Dec. 8, 2003 Call it e-government. Call it faster service. Whatever you call it, the Department of Licensing and Consumer Affairs is far ahead of most states and territories in moving its operations online, allowing customers to avoid most of the red tape and department-hopping needed for business licenses, zoning requests, tax-clearance letters and other government services.
The DLCA is now installing new software that will simplify the process of applying for a business license online, DLCA Commissioner Andrew Rutnik said Monday.
For the last two years, DLCA has been testing software that has allowed residents to apply for business licenses, renew existing licenses and do other business at the government agency online. When the new software is installed, Rutnik said the Bureau of Internal Revenue, the Department of Planning and Natural Resources and the V.I. Fire Department would be among the agencies that will be able to process business applications online.
In the past, getting a business license required a tax-clearance letter from the BIR, approval from the DLCA, and for zoning changes and a fire inspection sometimes approval from the DPNR.
Applications for business licenses were processed in a bureaucratic food fight that took anywhere from 10 days to six months. The new system, when up and ready, could take as little as one week.
"This pulls all the agencies together into one big database," Rutnik said. It's e-government at its best."
Two years ago, DLCA started moving all of its paper operations to a computer database that could be accessed online.
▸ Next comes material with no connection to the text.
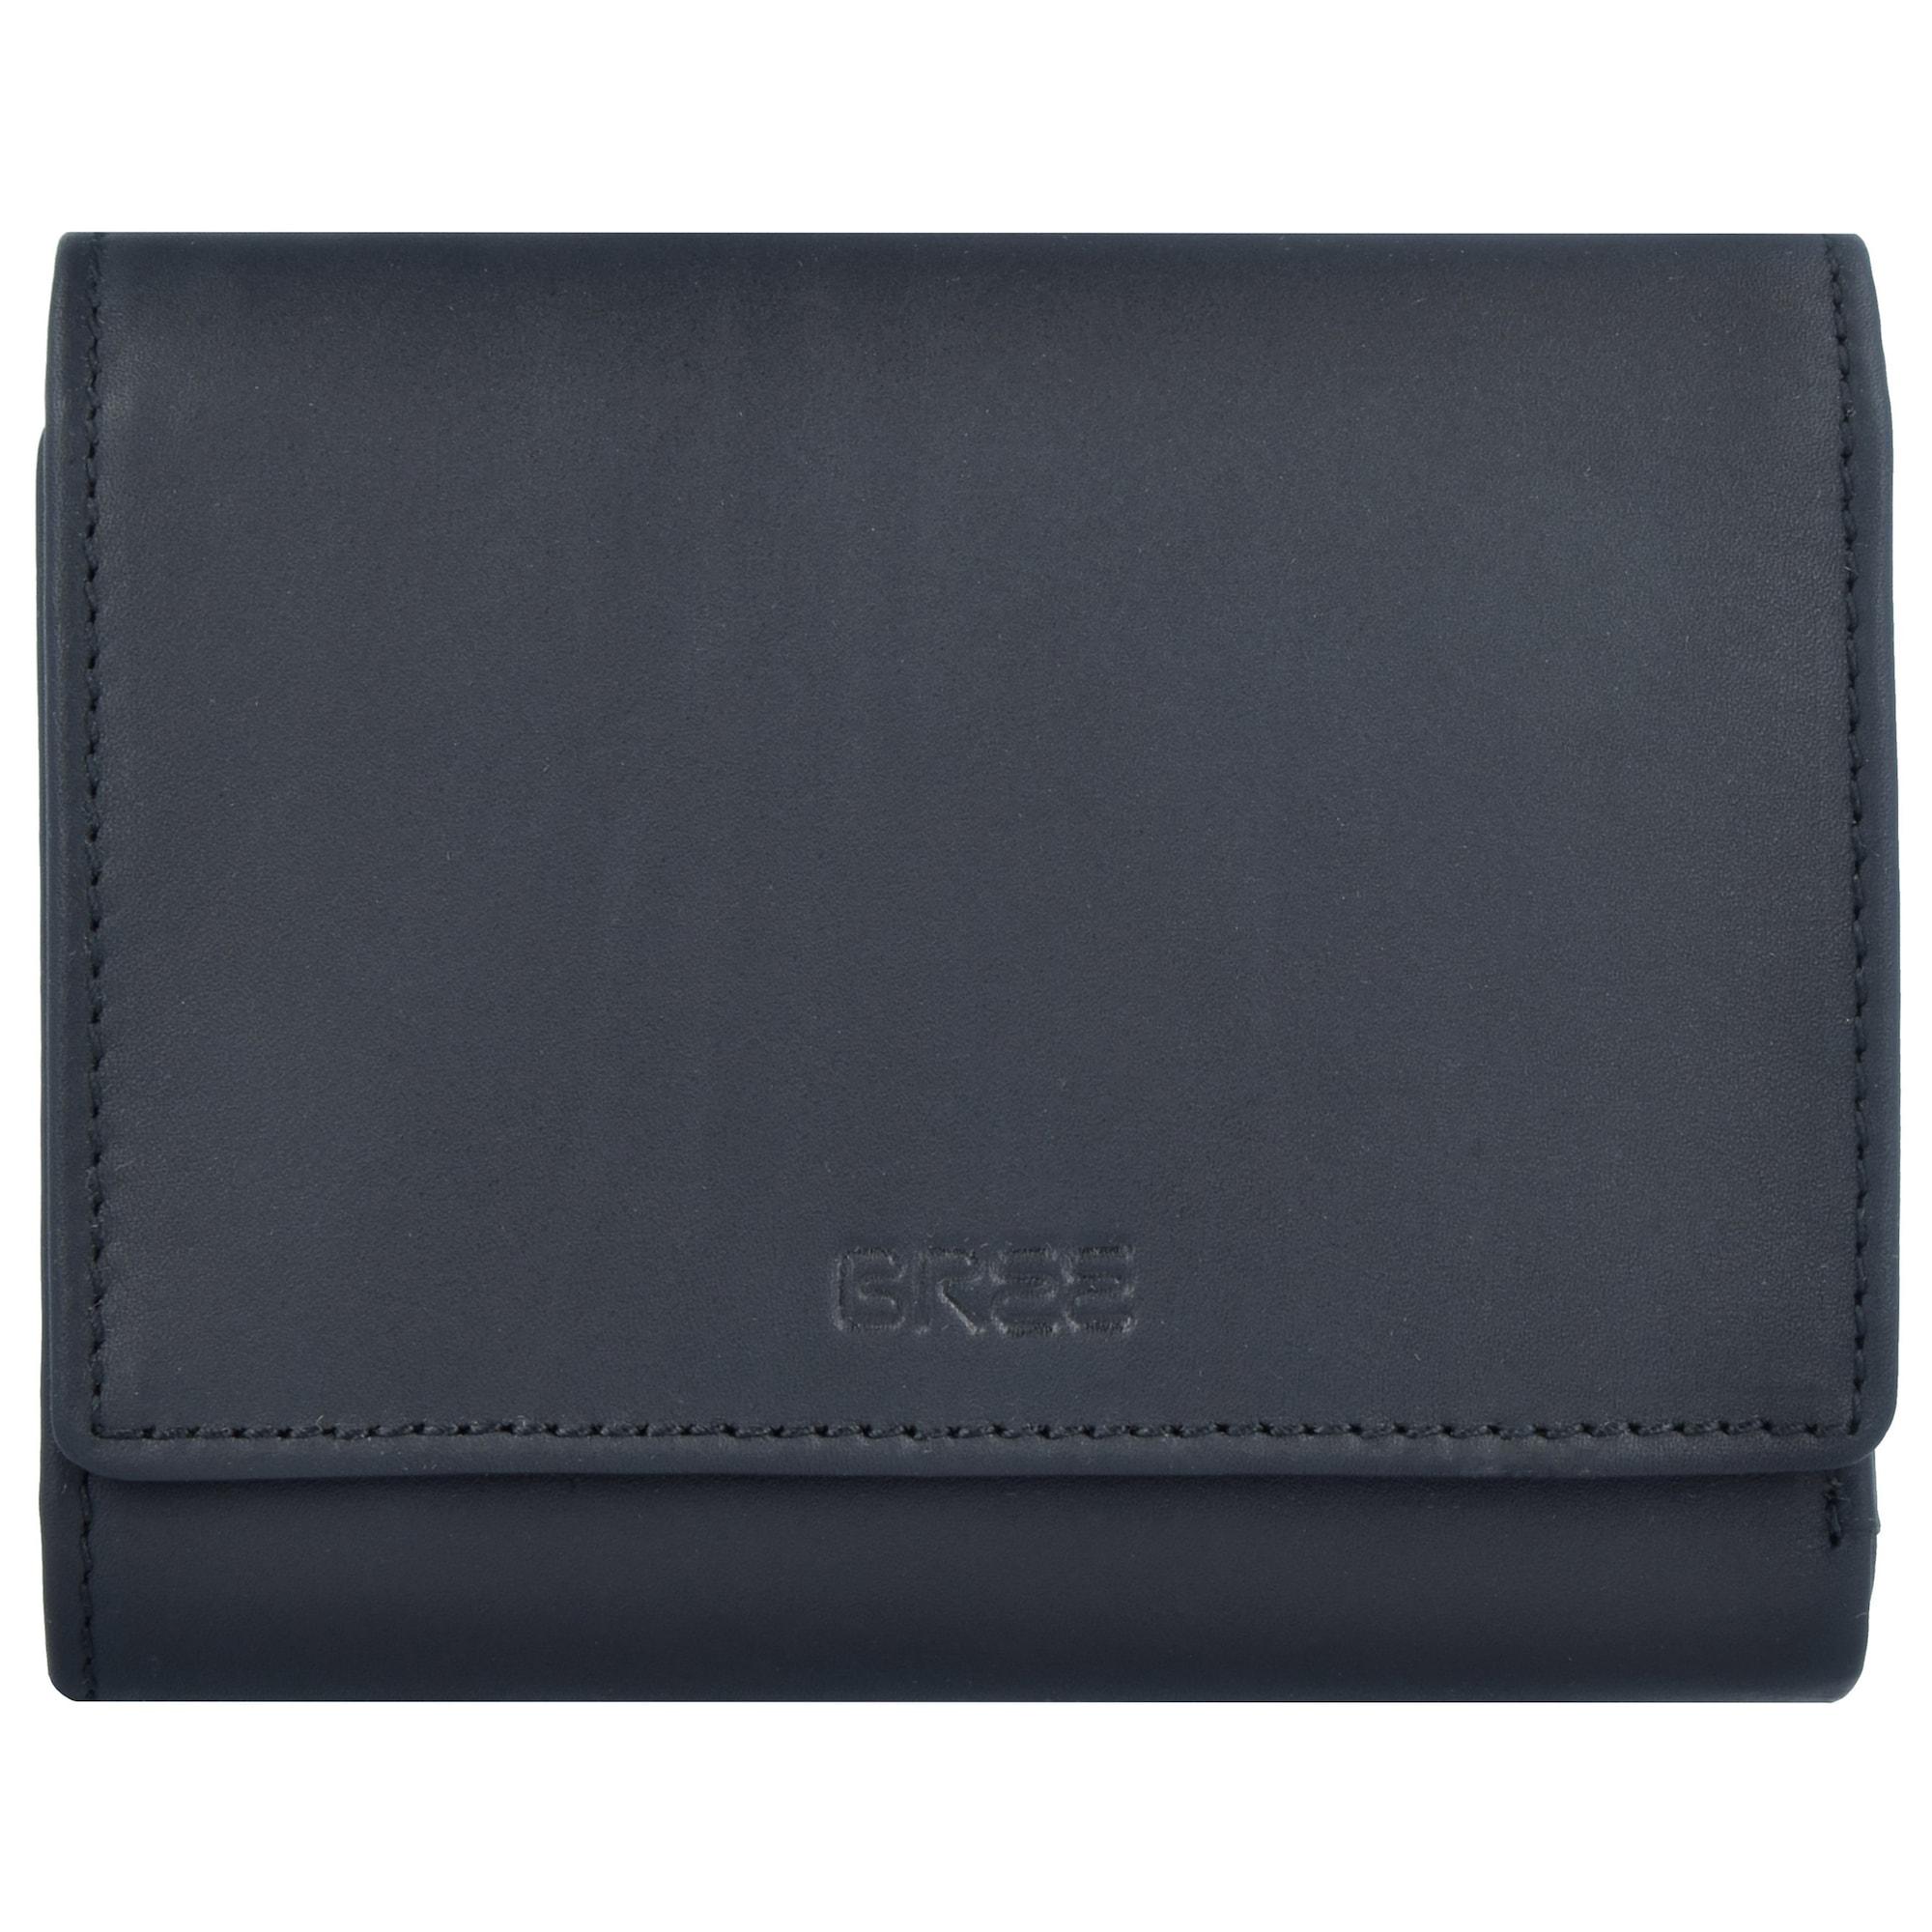 Geldbörse 'RFID'   Accessoires > Portemonnaies > Geldbörsen   Schwarz   Bree
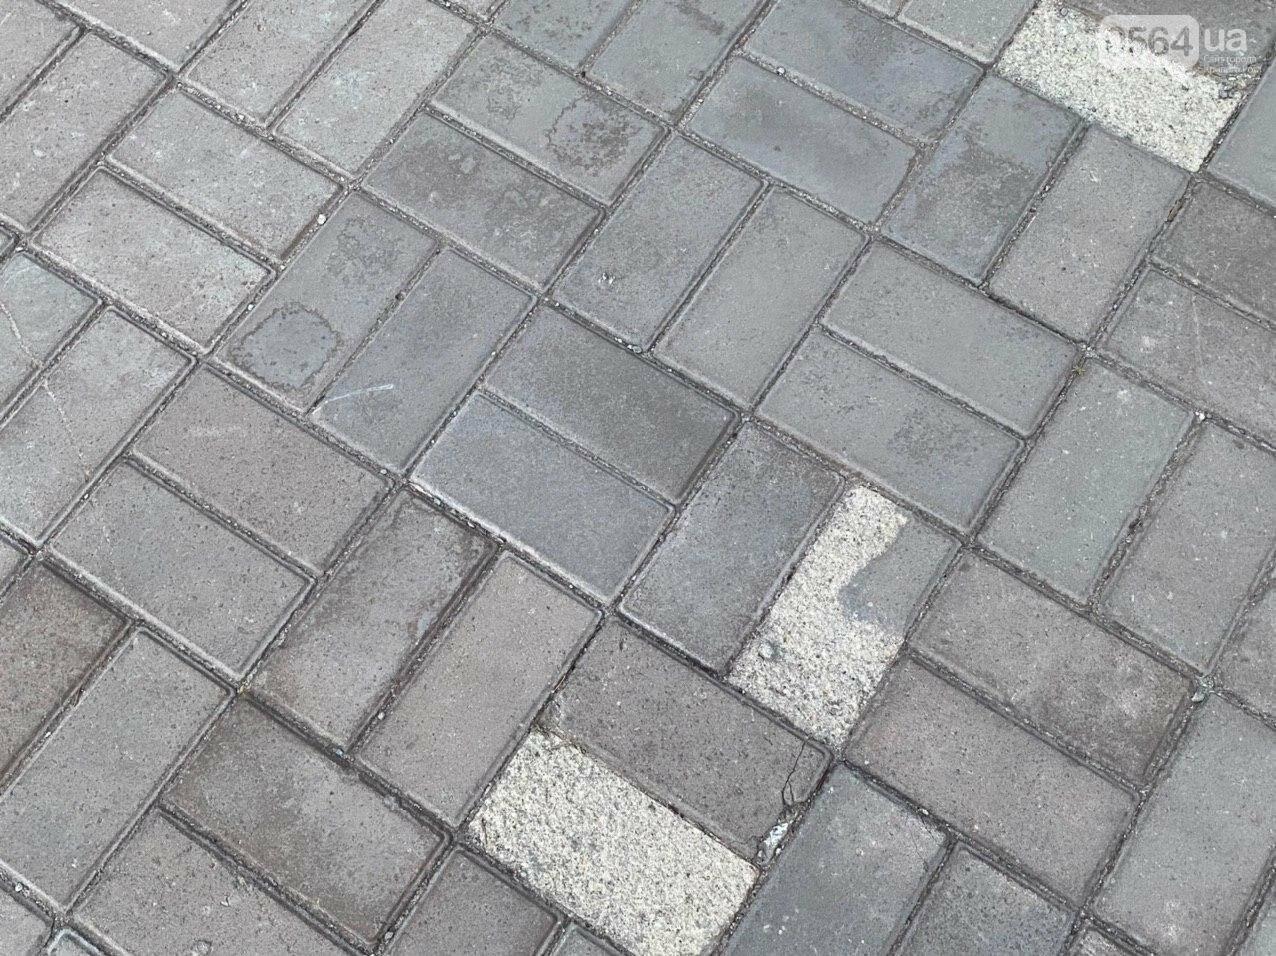 Второй раз по гарантийному договору будут менять плитку под райисполкомом в Кривом Роге, - ФОТО , фото-8

While the process "has been a long one," Rutnik said, the DLCA now processes all of its applications for taxi, business and renewal licenses electronically.
Currently, anyone applying for a new business license can visit www.dlca.gov.vi. Following the instructions on the Web site, applicants can fill out the paperwork and pay with a credit card. The credit-card information is immediately taken off the application as a security measure, so no other government agency or DLCA officials can view the customer's card number and information. The information is stored in a secure encrypted database that is only viewable by the cashier, Rutnik said.
"Your credit-card information is only being submitted to the cashier," Rutnik said. "It is pulled off the application. We don t process the credit card until the license has been approved."
The new software is capable of filtering out information on the business-license application that is not needed by other government agencies, Rutnik said. As an example, information on the application needed by the BIR to process a tax-clearance letter is sent by email from the DLCA to the BIR automatically.
However, other information on the application such as requests for zoning permits needed by the DPNR or other information only needed by the DLCA not necessary for the BIR to obtain the tax-clearance letter is not included, Rutnik said.
Much like the U.S. Postal Services delivery conformation on packages, applicants can also monitor the progress of their business license or renewal applications online to see which government departments have approved, denied or are still processing the request.
Although the DLCA is now processing all applications online, some government agencies are still working on installing the necessary software, Rutnik said.
"What we are looking to do is get the cooperation of our partners," Rutnik said.
The DLCA has been able to more effectively process applications and avoid lost files and paper trails that could cause problems in the past, Rutnik said. If a customer or applicant calls with questions on their license, workers can now access information by computer instead of having to search for the paper file and then call the customer back, Rutnik said.
The faster the government can process the applications, the faster it can receive payment from business licenses and other applications, Rutnik said.